ABOUT THIS TASK: In the data below, set down exactly the lines from the one containing "Vintage Snaffles WWI" up to and including the one containing "A good hand". Leave the pictures out.

ENTRIES PROVIDED:
<<<<

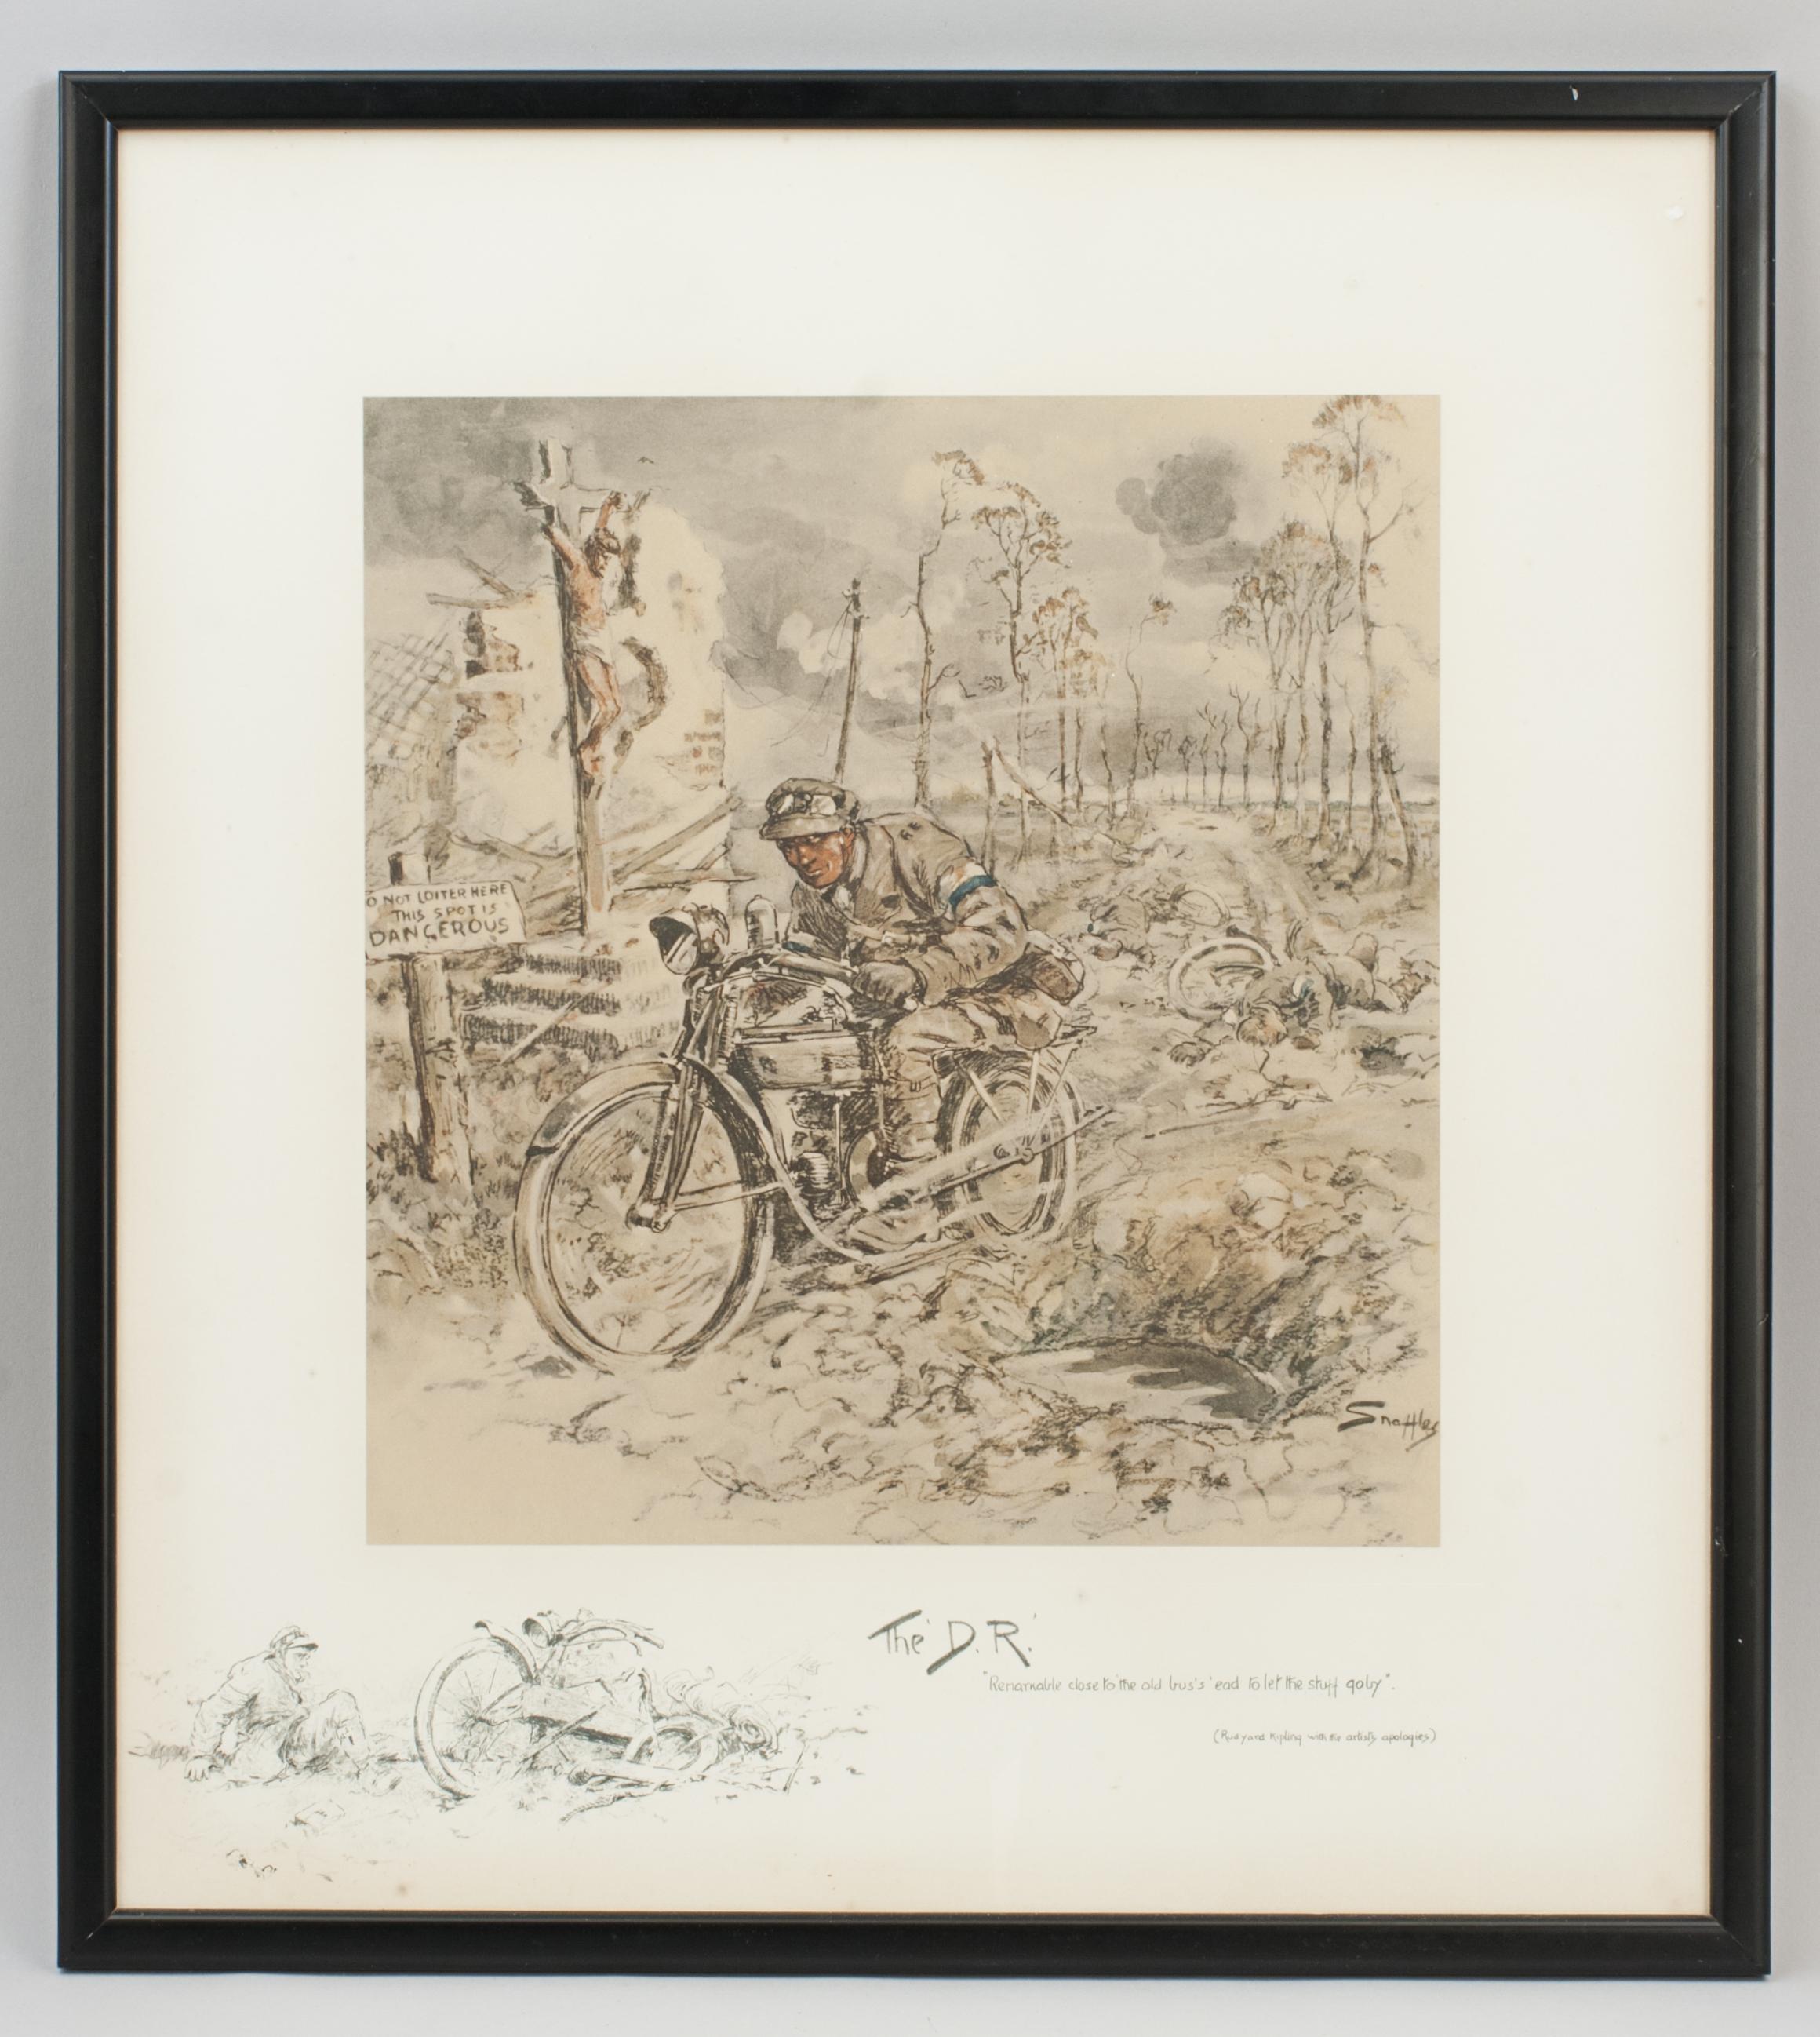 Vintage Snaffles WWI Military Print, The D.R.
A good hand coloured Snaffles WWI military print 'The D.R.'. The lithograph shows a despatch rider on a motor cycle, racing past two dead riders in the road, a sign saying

>>>>
<<<<

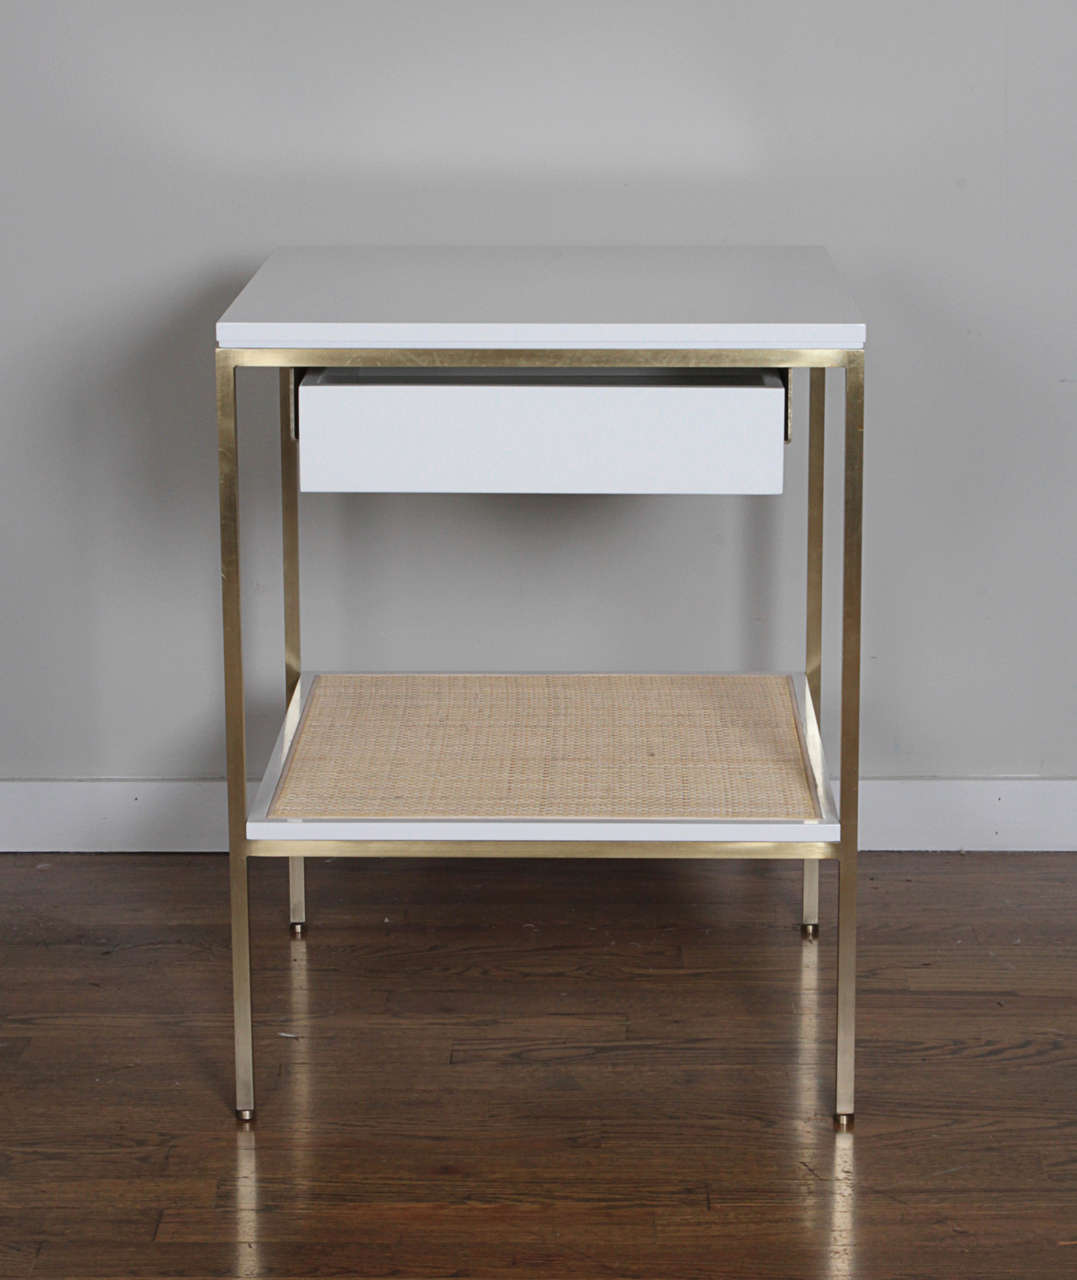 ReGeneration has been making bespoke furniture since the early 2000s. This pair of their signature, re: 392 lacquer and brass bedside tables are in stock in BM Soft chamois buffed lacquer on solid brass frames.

>>>>
<<<<

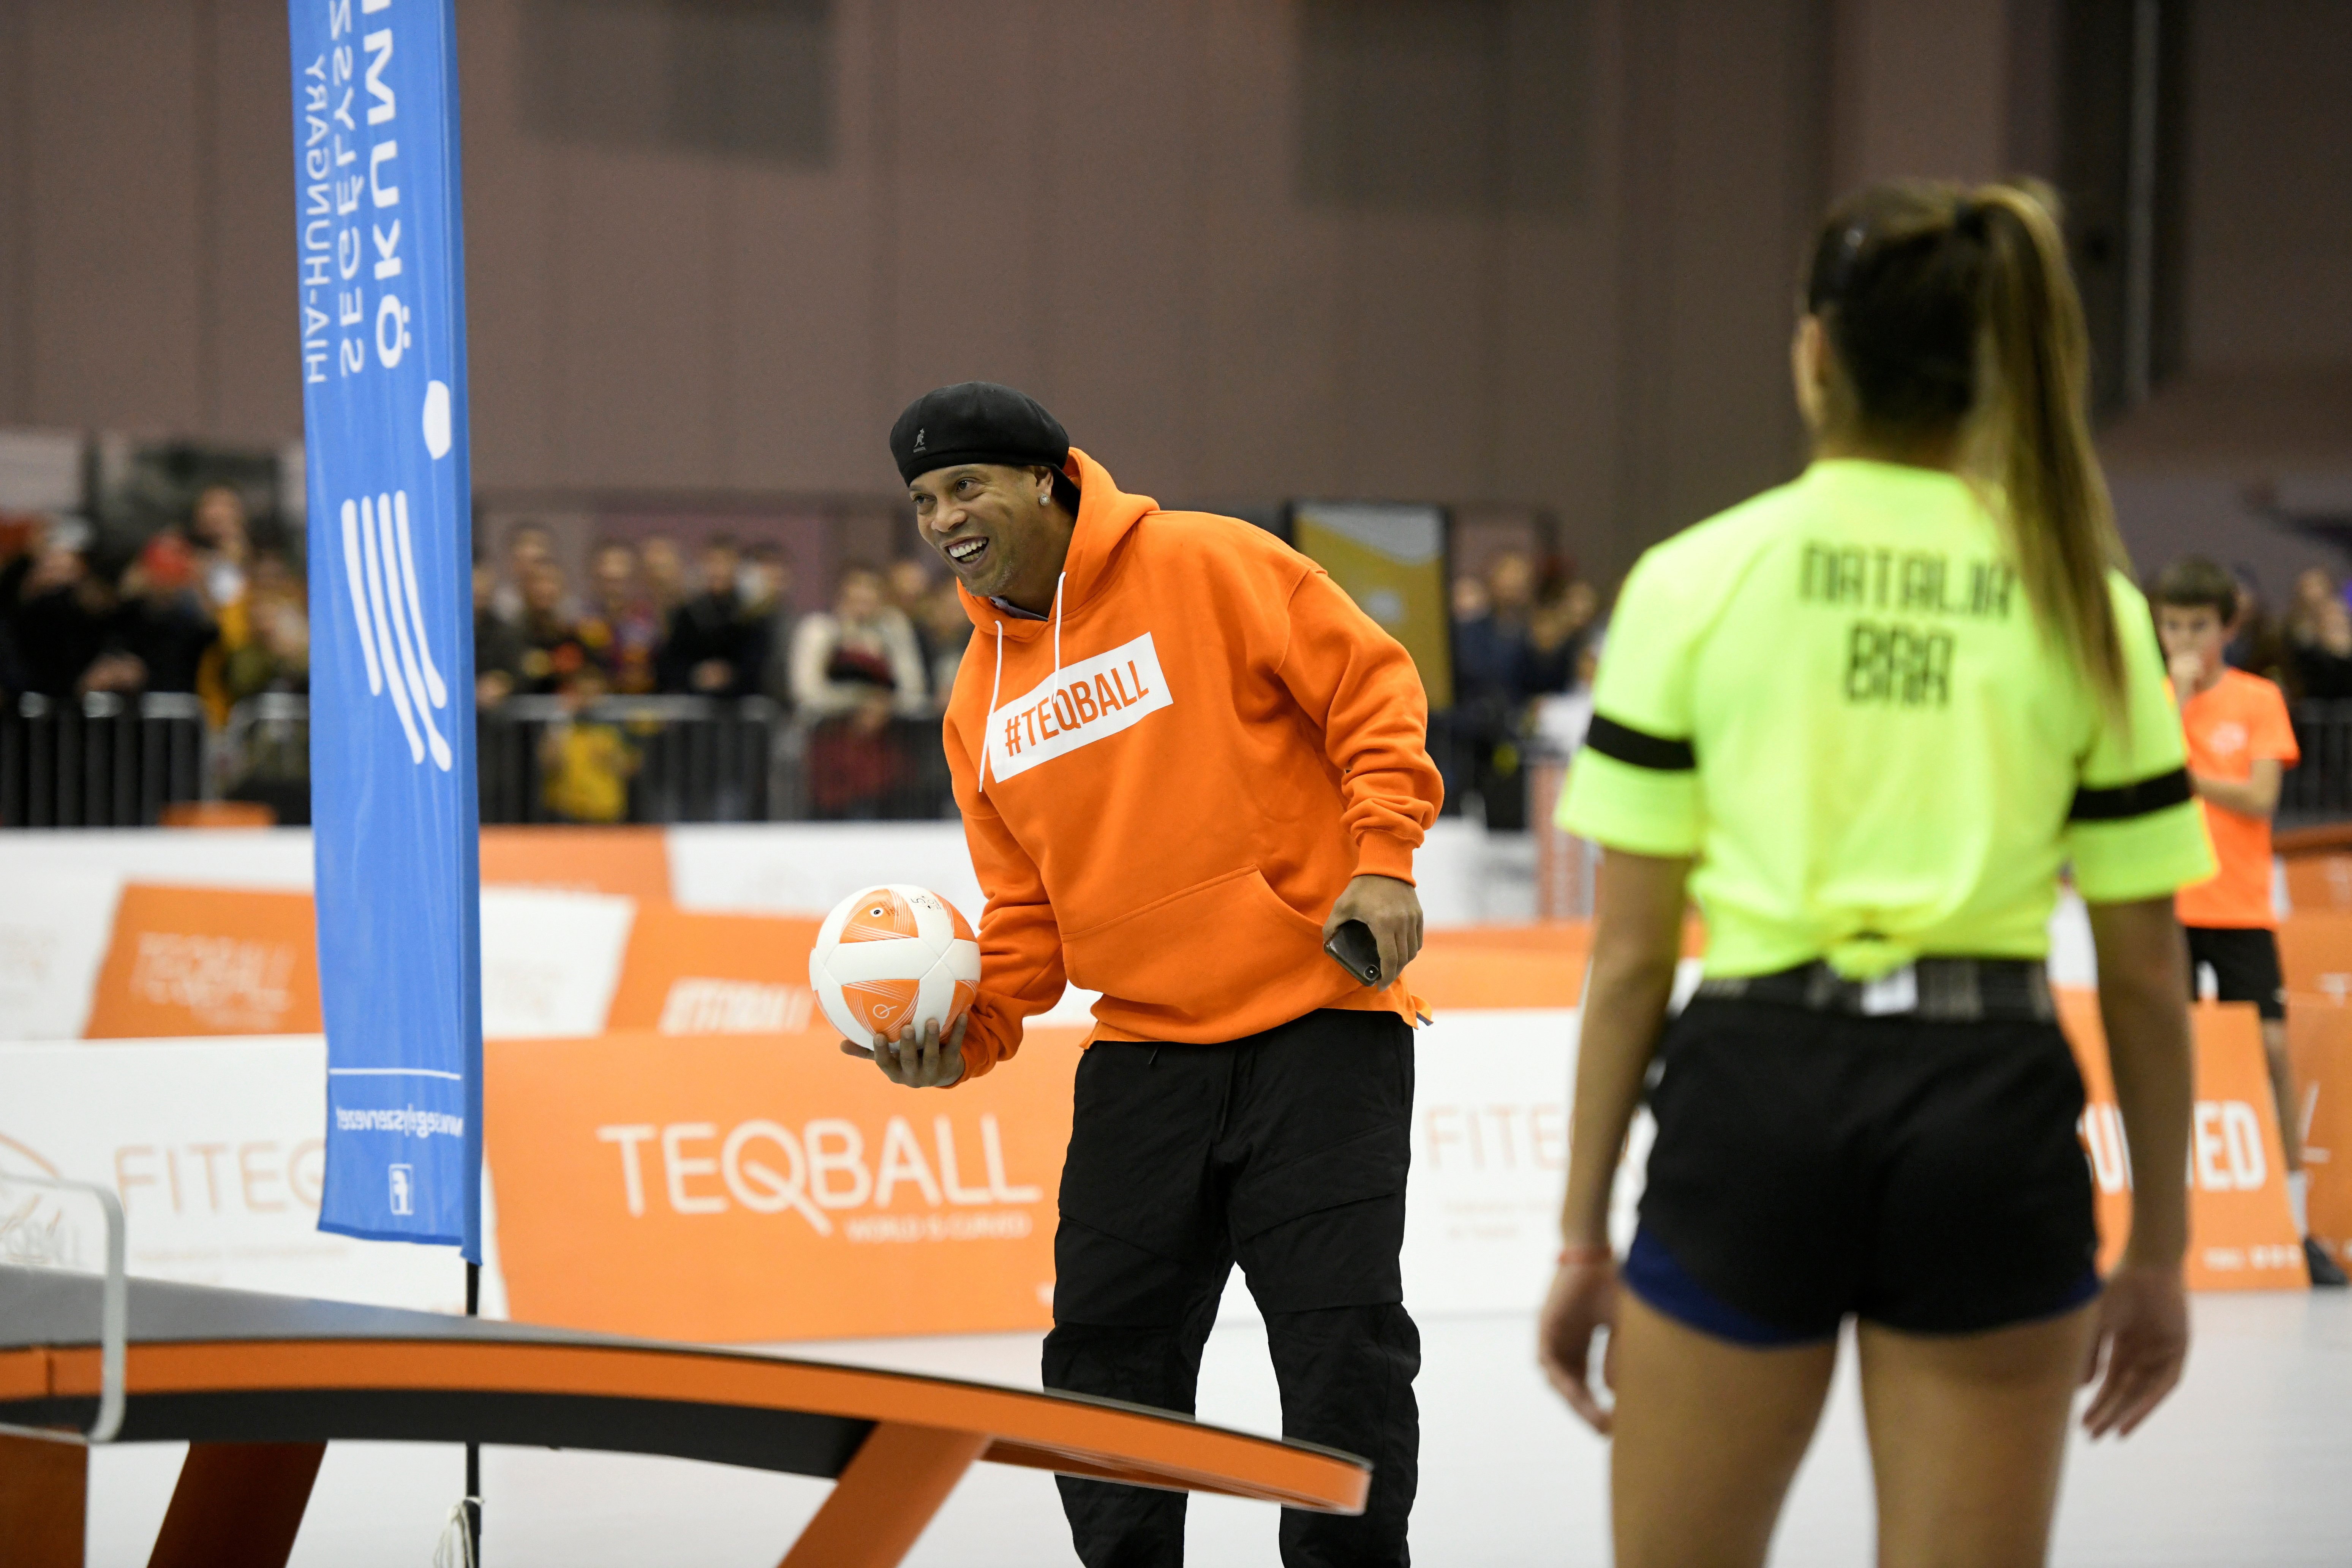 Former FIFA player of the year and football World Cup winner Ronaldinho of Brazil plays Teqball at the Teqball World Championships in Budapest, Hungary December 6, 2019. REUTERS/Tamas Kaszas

>>>>

SOLVED EXERCISE:
 Vintage Snaffles WWI Military Print, The D.R.
A good hand coloured Snaffles WWI military print 'The D.R.'. The lithograph shows a despatch rider on a motor cycle, racing past two dead riders in the road, a sign saying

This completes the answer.